Maine Medical Waste DisposalMaine is not only the primary source of the nation’s fresh lobsters and blueberries; it also produces 90% of the country’s toothpicks! Maine is an ideal summer vacation destination, with the White Mountain National Forest stretching nearly 800,000 acres; Acadia National Park, the second most popular national park in the U.S.; and the coastal towns like Kennebunkport, summer home of the Bush family. Poet Henry Wadsworth Longfellow was born in Portland and writer Steven King pens his horror stories in Bangor. No resident or vacationer wants to encounter biomedical waste in Maine. Contact Cyntox for professional bio medical waste disposal in Maine and sharps management.

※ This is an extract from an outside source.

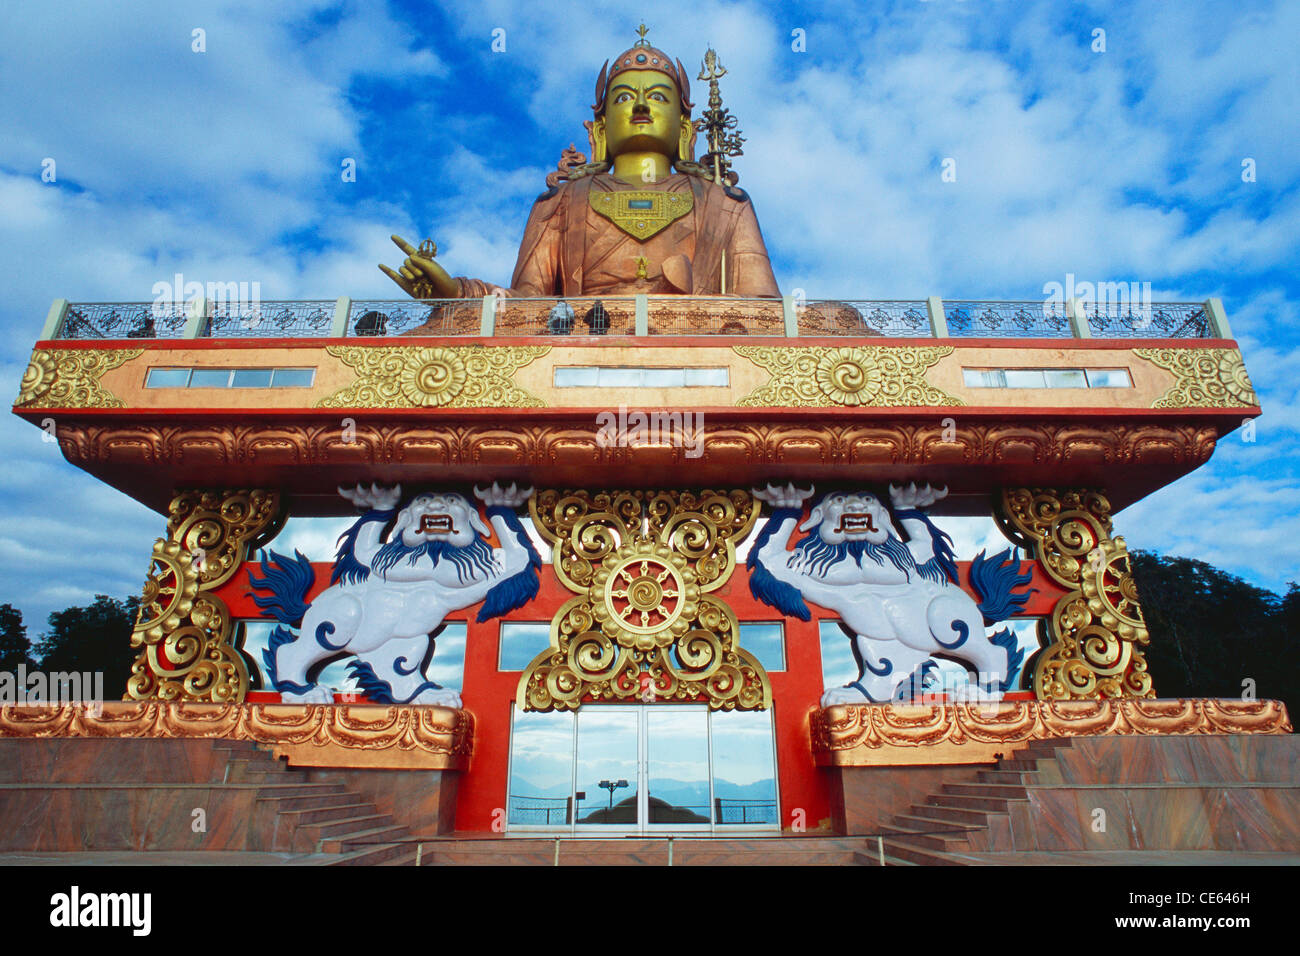 La plus haute statue de Guru Padma Sambhava au monde ; Guru Rinpoché ; Statue de Padmasambhava ; Samdruptse ; Namchi ; Sikkim ; Inde ; asie Banque D'Images

The State of Maine Definition of Medical Waste:
Biomedical waste means a waste that may contain human pathogens of sufficient virulence and in sufficient concentrations that exposure to it by a susceptible host could result in disease. The following wastes may contain human pathogens of sufficient virulence and in sufficient concentrations that exposure to them by a susceptible host could result in disease and are therefore, biomedical wastes:
- Discarded Human Blood, Blood Products, and Body Fluids: Discarded blood, serum, plasma, blood products, and body fluids. Body-fluids are defined as fluids which are generated or removed during surgery, autopsy, obstetrics, emergency care, or embalming and include cerebrospinal fluid, synovial fluid, pleural fluid; peritonea fluid, pericardial fluid and amniotic fluid.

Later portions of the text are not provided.